(Description of the task): Below are lines of data; restate word for word those running from the line containing "Flair Airlines Announces New Seasonal" to the line containing "Baseball Mom Bleached Shirt", inclusive, and no others.

(Task input):
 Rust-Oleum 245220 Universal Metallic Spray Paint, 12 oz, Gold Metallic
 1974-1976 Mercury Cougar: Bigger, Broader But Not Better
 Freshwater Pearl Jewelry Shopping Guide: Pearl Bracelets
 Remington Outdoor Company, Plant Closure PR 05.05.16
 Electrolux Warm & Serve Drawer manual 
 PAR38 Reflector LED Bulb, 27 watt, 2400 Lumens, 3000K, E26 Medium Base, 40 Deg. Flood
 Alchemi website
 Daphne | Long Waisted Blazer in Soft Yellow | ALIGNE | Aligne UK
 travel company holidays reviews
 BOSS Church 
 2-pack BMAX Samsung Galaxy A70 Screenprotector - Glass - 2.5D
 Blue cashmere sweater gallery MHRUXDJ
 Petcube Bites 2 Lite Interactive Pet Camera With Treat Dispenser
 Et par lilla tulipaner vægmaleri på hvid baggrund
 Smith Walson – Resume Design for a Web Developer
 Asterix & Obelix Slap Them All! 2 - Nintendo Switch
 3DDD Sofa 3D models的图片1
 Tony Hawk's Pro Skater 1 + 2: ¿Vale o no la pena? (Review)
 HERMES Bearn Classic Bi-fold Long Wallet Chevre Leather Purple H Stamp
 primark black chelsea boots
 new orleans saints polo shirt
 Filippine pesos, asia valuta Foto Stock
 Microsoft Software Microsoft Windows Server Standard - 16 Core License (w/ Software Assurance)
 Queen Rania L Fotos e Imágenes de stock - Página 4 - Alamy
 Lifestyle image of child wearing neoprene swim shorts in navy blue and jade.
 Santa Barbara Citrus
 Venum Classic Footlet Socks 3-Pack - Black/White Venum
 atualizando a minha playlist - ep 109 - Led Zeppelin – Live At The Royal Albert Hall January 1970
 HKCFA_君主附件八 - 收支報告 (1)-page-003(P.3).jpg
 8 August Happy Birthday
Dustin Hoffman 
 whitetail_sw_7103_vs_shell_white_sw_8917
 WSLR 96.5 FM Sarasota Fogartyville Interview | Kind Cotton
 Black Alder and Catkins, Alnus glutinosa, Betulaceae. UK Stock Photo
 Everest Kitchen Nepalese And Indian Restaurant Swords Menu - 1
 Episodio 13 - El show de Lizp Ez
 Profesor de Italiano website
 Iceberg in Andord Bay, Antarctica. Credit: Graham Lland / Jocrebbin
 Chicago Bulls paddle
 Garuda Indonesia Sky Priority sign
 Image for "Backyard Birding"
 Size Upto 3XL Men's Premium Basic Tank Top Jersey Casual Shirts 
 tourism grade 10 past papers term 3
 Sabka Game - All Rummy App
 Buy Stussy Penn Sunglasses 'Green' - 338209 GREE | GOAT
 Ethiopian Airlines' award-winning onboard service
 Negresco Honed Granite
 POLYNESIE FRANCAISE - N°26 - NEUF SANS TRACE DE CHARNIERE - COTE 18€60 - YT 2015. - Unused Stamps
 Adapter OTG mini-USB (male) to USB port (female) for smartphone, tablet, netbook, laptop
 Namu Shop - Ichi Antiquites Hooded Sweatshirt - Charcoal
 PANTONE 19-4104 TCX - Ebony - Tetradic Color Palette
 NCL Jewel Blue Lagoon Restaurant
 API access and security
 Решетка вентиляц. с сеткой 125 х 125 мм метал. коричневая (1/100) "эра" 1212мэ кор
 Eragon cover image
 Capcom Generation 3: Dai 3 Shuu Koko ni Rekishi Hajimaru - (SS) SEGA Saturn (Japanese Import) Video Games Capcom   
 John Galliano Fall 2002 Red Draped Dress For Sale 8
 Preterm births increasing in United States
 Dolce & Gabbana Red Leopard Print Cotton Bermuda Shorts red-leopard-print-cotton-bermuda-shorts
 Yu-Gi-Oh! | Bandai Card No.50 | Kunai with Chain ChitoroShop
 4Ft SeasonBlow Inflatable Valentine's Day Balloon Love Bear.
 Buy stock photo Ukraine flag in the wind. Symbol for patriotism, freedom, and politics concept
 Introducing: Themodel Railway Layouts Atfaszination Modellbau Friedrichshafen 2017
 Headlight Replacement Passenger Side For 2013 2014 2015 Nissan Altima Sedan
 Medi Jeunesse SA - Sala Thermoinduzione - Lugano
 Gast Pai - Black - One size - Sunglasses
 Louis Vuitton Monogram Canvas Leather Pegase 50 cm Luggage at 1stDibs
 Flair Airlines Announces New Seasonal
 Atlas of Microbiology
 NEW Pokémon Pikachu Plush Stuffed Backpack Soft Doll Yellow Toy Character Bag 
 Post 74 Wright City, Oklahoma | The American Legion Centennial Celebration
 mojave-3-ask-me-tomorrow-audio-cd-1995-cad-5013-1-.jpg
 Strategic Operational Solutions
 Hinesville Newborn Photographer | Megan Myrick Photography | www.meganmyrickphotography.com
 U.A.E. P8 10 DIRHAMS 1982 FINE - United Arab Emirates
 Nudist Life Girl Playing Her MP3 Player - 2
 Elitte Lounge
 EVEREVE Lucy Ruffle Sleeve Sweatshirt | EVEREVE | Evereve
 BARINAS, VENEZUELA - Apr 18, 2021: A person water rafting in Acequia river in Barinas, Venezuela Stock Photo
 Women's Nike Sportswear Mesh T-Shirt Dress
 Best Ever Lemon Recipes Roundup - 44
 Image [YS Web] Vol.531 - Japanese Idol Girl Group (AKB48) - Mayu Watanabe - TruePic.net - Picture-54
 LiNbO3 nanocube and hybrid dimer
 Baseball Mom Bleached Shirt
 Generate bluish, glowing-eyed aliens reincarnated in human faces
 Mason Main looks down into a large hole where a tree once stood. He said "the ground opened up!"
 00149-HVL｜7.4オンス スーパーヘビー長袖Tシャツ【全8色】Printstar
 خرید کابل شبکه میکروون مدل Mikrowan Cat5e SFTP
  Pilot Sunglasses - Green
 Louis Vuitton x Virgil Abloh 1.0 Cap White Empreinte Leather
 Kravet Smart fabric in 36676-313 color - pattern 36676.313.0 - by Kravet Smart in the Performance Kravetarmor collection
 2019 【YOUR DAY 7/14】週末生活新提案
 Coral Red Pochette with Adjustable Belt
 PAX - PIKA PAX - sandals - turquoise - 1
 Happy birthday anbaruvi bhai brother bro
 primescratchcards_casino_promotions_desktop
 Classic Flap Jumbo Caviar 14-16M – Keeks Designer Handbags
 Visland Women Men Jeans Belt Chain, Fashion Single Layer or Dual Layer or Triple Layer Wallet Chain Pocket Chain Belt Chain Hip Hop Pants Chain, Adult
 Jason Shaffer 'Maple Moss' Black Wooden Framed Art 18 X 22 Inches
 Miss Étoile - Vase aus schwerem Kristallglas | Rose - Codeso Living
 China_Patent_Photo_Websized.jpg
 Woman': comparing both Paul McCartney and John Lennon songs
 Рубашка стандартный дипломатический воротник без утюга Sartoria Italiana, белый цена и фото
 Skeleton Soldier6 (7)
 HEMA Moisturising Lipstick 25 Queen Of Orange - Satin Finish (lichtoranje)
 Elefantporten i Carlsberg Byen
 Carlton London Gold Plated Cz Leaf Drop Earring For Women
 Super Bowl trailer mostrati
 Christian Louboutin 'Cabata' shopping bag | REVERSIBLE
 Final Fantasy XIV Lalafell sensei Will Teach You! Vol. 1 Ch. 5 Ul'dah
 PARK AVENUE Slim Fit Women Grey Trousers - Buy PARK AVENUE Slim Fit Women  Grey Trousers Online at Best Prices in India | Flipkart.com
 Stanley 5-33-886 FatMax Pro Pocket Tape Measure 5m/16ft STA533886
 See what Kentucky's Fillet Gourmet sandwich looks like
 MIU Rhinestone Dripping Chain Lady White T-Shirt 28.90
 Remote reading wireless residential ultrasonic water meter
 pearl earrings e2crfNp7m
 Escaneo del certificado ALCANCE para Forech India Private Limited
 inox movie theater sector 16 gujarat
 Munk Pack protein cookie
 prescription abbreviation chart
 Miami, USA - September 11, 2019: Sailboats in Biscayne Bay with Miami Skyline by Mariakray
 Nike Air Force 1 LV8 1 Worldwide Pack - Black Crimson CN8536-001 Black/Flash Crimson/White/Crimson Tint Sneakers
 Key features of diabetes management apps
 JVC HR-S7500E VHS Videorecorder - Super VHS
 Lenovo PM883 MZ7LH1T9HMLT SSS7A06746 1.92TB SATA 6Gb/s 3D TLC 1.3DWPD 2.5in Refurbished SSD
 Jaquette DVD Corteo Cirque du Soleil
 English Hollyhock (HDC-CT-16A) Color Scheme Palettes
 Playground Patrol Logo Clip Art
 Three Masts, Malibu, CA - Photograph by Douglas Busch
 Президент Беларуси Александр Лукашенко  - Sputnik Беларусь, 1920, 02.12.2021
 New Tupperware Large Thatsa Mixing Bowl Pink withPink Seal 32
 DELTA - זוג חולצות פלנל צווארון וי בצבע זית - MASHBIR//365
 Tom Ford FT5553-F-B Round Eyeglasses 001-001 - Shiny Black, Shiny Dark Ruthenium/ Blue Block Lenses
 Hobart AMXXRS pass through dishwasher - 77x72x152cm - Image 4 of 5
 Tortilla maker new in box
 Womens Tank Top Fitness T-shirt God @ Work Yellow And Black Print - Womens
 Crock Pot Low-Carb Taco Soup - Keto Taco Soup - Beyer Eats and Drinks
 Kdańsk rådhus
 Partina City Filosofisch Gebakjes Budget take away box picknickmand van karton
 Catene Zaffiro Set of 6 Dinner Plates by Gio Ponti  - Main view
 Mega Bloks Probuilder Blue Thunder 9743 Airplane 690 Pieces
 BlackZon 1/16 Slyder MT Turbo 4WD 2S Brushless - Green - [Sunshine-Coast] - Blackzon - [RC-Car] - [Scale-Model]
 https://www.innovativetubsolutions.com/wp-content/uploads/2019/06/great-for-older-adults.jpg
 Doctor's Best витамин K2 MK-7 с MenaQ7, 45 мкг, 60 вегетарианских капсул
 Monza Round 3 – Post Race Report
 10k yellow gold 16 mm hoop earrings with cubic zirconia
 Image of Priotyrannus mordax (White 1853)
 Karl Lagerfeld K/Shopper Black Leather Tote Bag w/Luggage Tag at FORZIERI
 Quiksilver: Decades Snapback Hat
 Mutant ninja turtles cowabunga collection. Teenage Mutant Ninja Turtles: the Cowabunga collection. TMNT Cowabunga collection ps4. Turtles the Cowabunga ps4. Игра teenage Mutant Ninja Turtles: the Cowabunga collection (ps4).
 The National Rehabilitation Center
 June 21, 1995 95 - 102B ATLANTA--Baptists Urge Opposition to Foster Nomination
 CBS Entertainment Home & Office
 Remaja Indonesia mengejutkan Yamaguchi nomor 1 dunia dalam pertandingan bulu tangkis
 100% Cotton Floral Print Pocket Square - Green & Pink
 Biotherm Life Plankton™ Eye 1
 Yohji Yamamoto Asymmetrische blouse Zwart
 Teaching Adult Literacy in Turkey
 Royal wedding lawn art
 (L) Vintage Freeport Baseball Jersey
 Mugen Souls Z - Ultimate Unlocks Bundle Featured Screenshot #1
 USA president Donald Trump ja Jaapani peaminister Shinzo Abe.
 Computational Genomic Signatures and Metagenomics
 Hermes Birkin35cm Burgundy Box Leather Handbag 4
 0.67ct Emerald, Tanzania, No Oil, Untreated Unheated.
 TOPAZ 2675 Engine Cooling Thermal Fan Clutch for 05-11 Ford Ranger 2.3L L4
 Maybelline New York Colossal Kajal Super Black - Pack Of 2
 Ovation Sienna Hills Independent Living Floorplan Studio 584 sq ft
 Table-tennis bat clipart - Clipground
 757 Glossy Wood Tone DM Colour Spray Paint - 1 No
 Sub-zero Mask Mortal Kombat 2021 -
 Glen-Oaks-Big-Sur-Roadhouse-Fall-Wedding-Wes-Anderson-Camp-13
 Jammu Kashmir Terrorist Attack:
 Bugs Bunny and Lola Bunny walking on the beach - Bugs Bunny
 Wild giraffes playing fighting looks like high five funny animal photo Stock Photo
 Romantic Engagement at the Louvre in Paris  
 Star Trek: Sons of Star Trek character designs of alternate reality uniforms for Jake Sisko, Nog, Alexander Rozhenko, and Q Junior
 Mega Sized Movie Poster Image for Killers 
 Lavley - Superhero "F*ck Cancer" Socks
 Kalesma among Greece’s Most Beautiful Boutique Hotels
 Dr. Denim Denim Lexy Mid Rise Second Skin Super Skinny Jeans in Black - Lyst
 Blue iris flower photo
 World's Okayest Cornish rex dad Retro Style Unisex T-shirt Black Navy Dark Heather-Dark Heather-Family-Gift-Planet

(Result of this task):
 Flair Airlines Announces New Seasonal
 Atlas of Microbiology
 NEW Pokémon Pikachu Plush Stuffed Backpack Soft Doll Yellow Toy Character Bag 
 Post 74 Wright City, Oklahoma | The American Legion Centennial Celebration
 mojave-3-ask-me-tomorrow-audio-cd-1995-cad-5013-1-.jpg
 Strategic Operational Solutions
 Hinesville Newborn Photographer | Megan Myrick Photography | www.meganmyrickphotography.com
 U.A.E. P8 10 DIRHAMS 1982 FINE - United Arab Emirates
 Nudist Life Girl Playing Her MP3 Player - 2
 Elitte Lounge
 EVEREVE Lucy Ruffle Sleeve Sweatshirt | EVEREVE | Evereve
 BARINAS, VENEZUELA - Apr 18, 2021: A person water rafting in Acequia river in Barinas, Venezuela Stock Photo
 Women's Nike Sportswear Mesh T-Shirt Dress
 Best Ever Lemon Recipes Roundup - 44
 Image [YS Web] Vol.531 - Japanese Idol Girl Group (AKB48) - Mayu Watanabe - TruePic.net - Picture-54
 LiNbO3 nanocube and hybrid dimer
 Baseball Mom Bleached Shirt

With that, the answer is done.